__DATA SHOWN__
<<<<

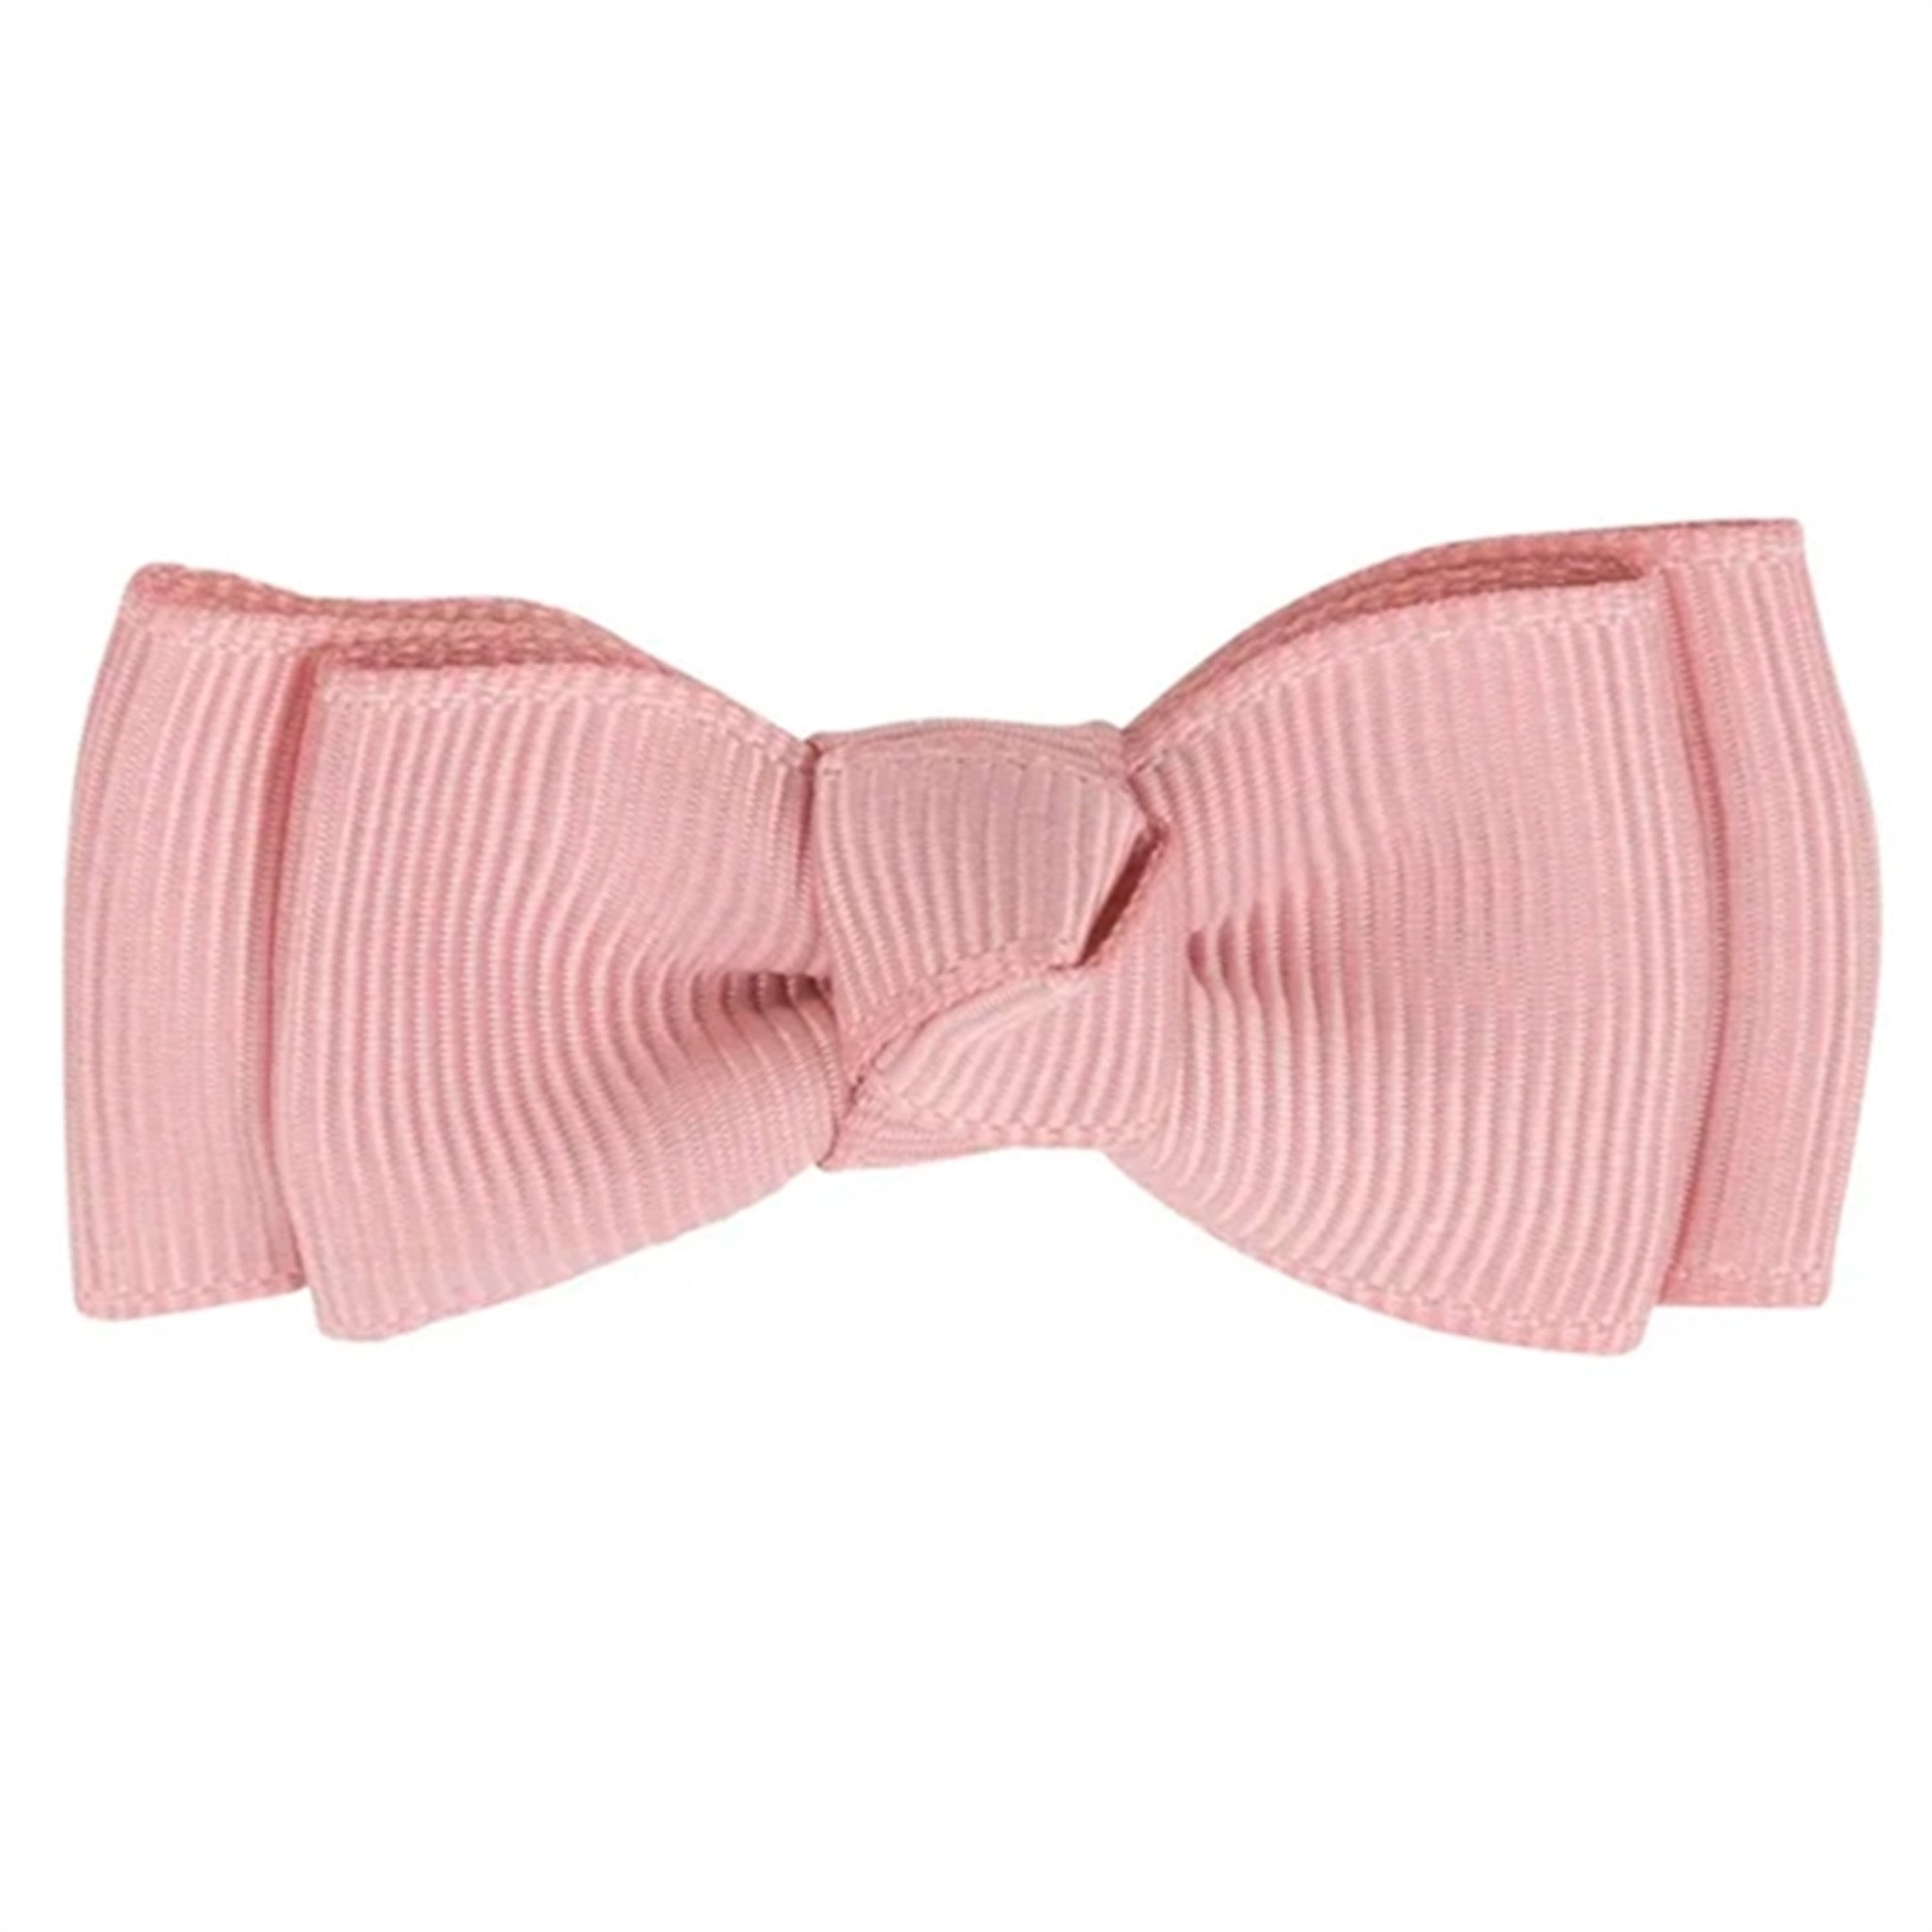 Bow's by Stær Double Bow (antique rose)
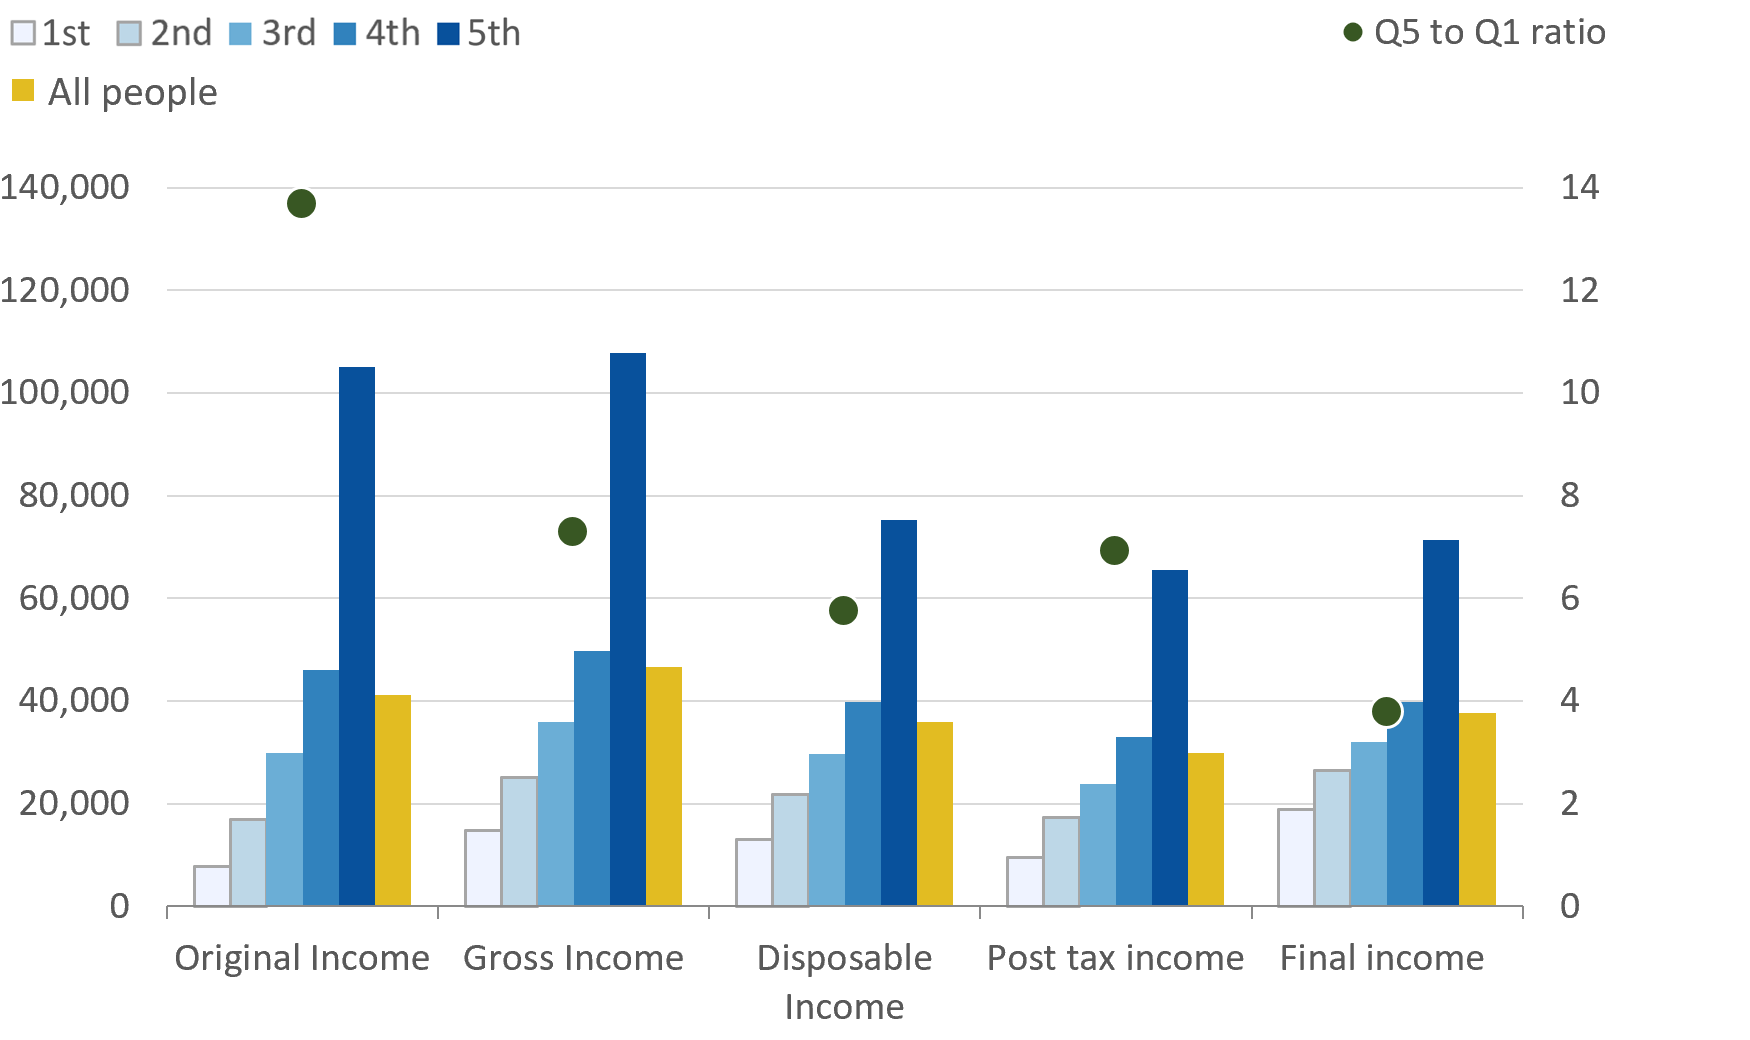 Taxes and benefits lead to household income being shared more equally between people
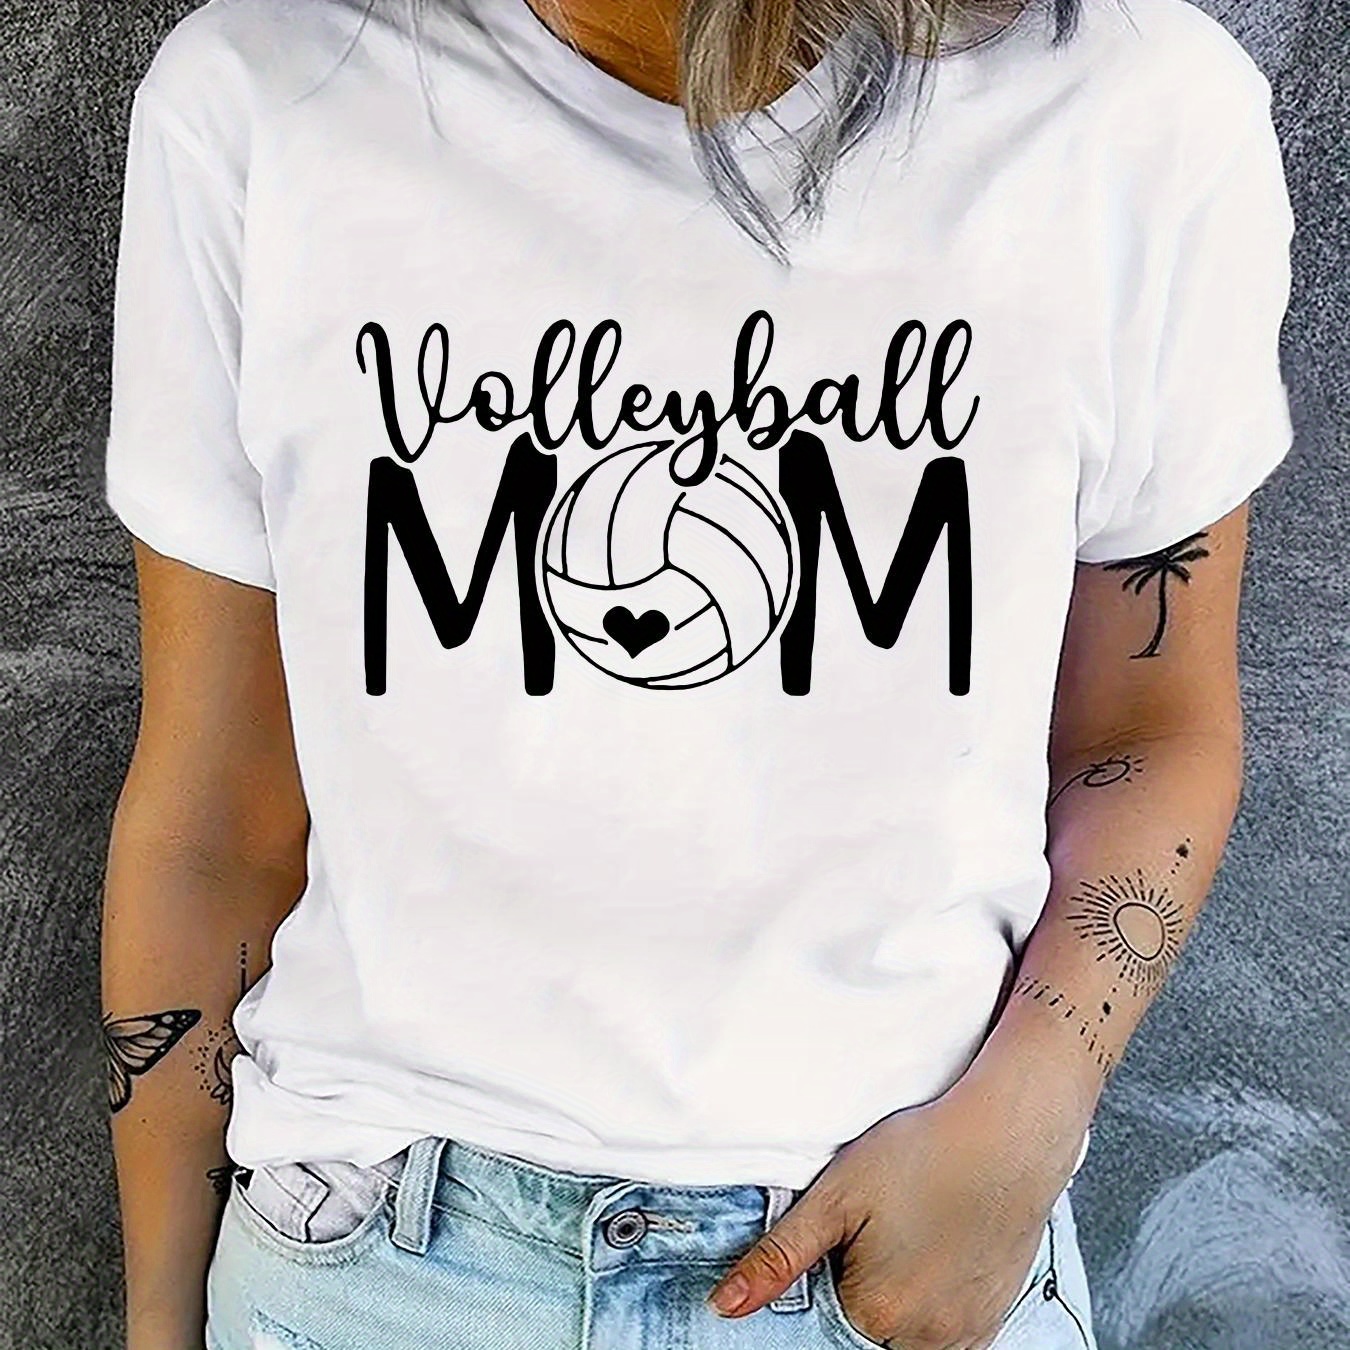 

Volleyball Mom Graphic Breathable Sports Tee, Crew Neck Short Sleeves Workout Running T-shirt Tops, Women's Activewear

>>>>

Each line from the one containing "Taxes and benefits" through the end of the listing is to be set down exactly, with all pictures left out.

__EXPECTED ANSWER__
 Taxes and benefits lead to household income being shared more equally between people

Volleyball Mom Graphic Breathable Sports Tee, Crew Neck Short Sleeves Workout Running T-shirt Tops, Women's Activewear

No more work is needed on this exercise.